DATASET EXTRACT Start Marker
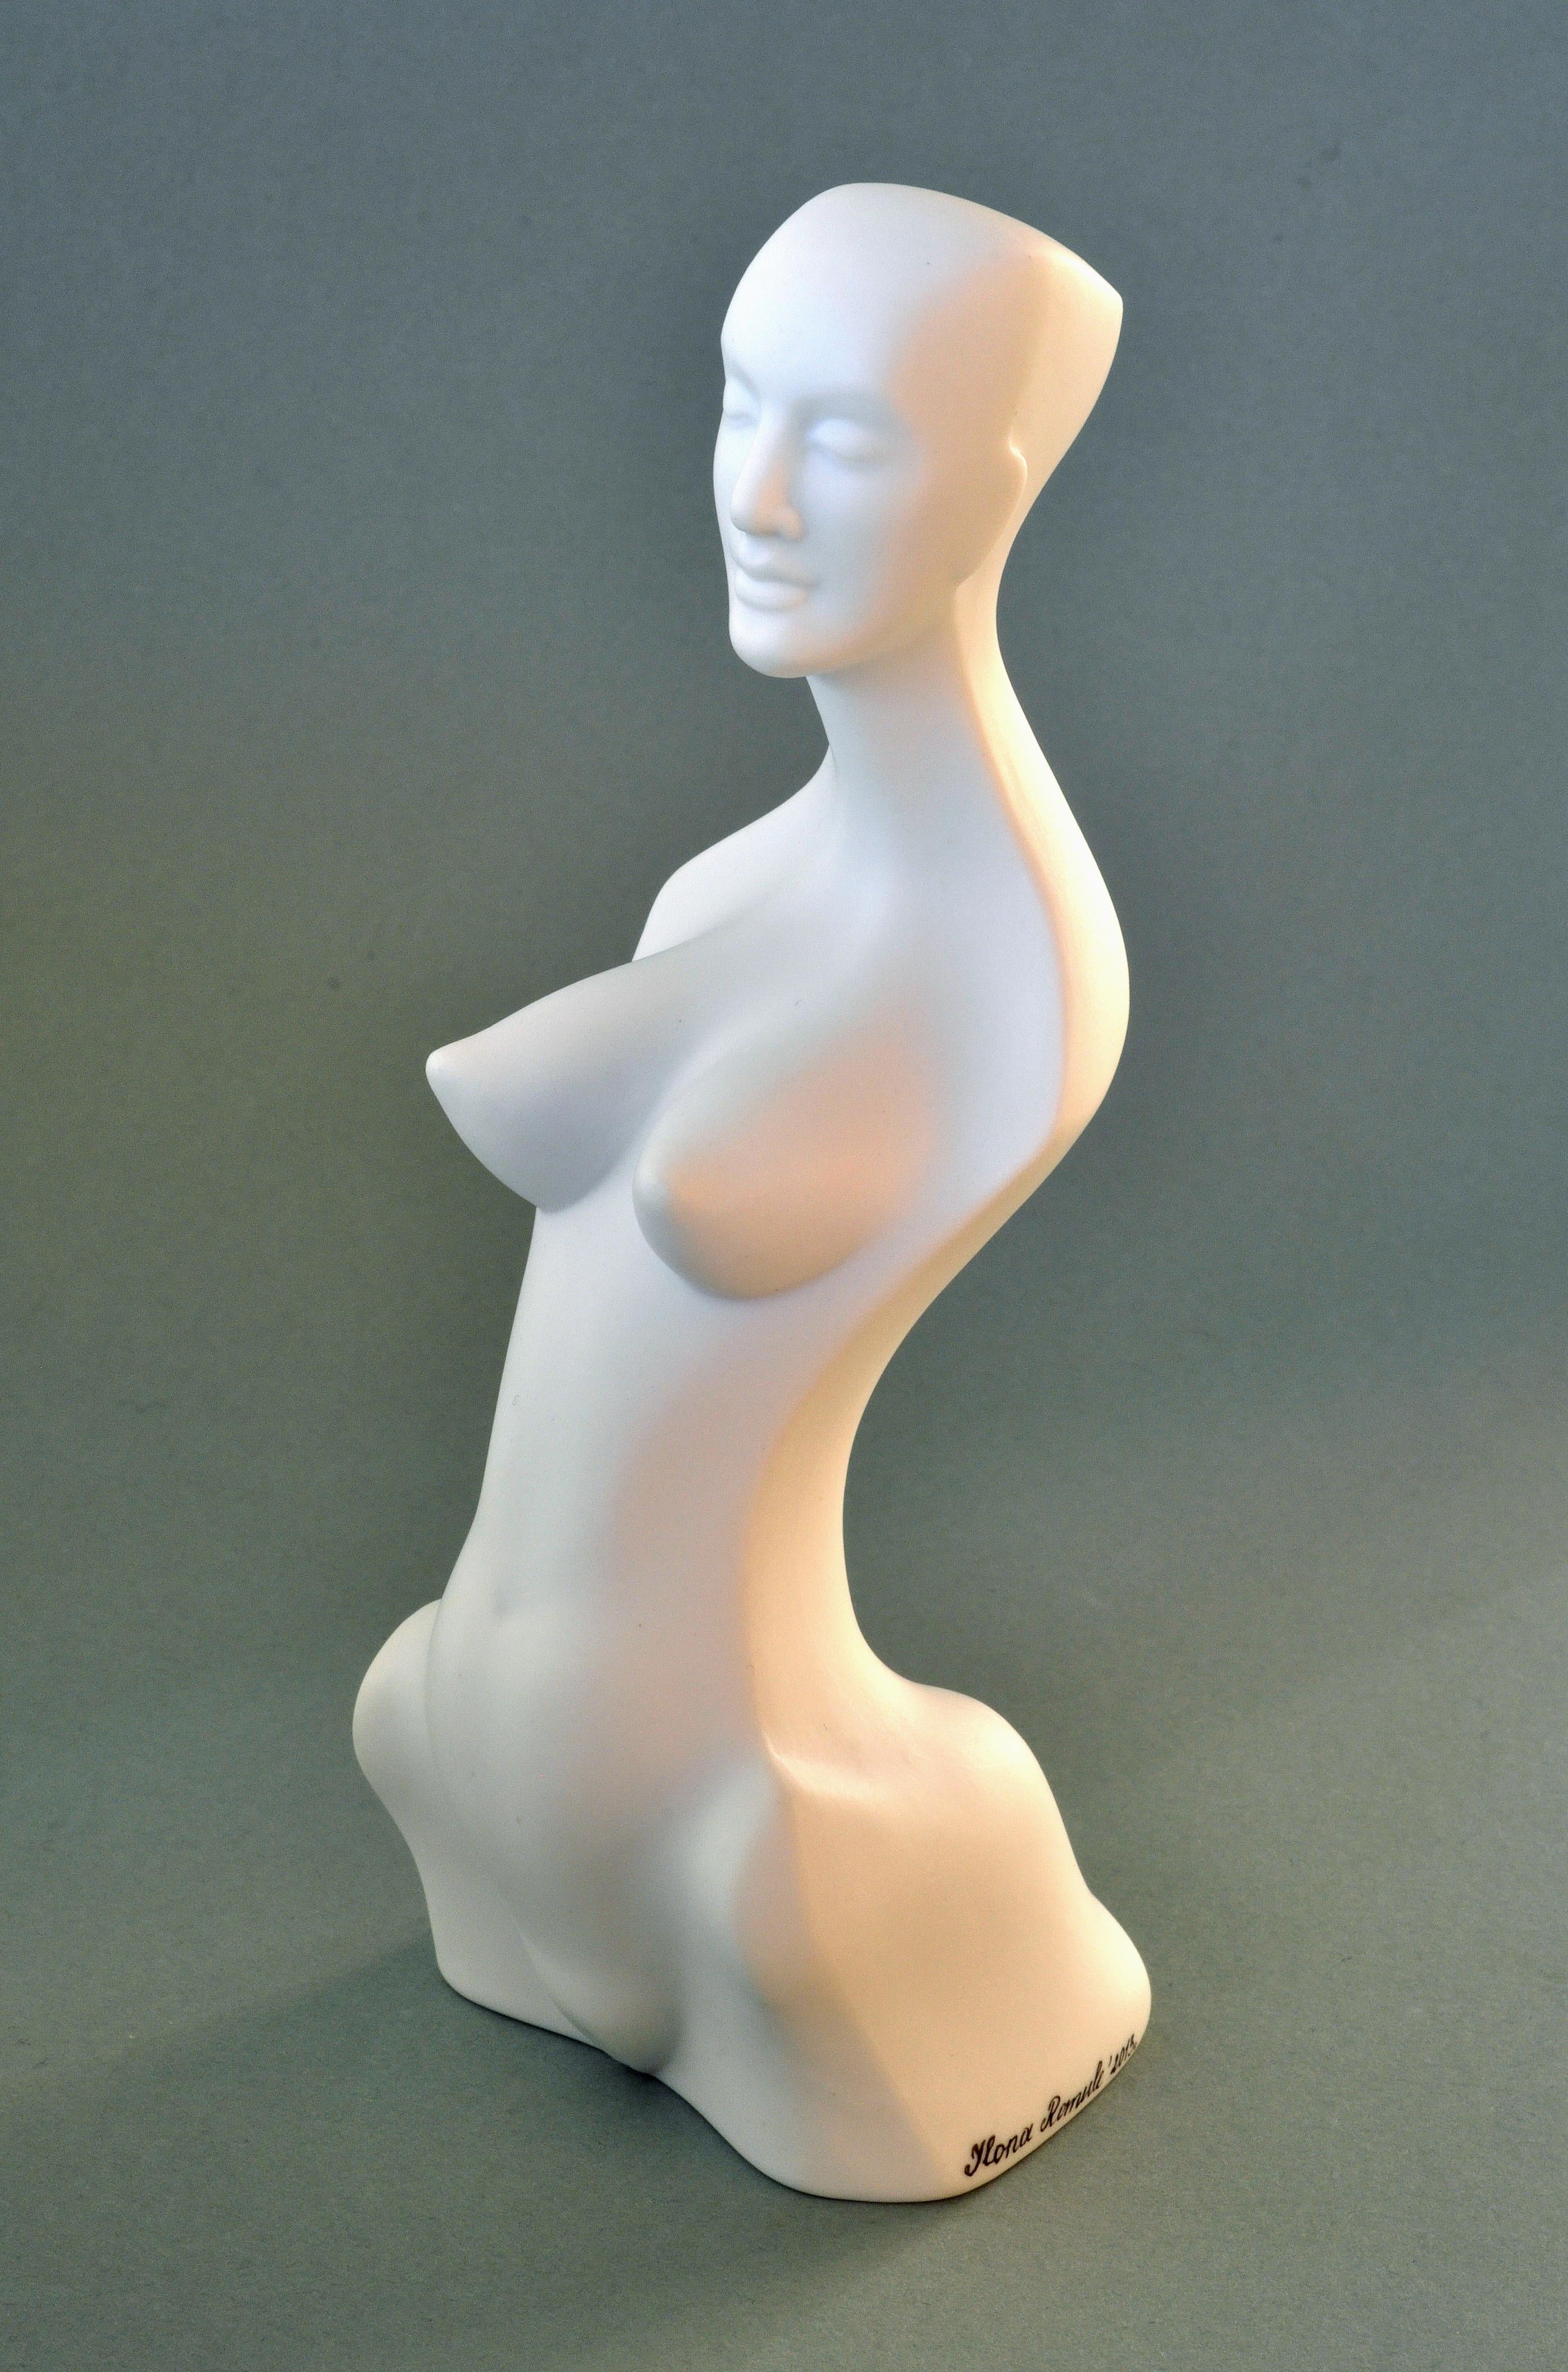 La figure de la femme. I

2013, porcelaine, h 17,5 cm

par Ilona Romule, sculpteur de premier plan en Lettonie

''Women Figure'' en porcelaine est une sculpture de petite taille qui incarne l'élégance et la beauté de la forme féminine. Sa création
DATASET EXTRACT End Marker
### EXERCISE DESCRIPTION
From the line that contains "2013, porcelaine, h 17,5 cm" through the last line of the listing, every line is to be restated word for word, both ends included.

### EXERCISE ANSWER
2013, porcelaine, h 17,5 cm

par Ilona Romule, sculpteur de premier plan en Lettonie

''Women Figure'' en porcelaine est une sculpture de petite taille qui incarne l'élégance et la beauté de la forme féminine. Sa création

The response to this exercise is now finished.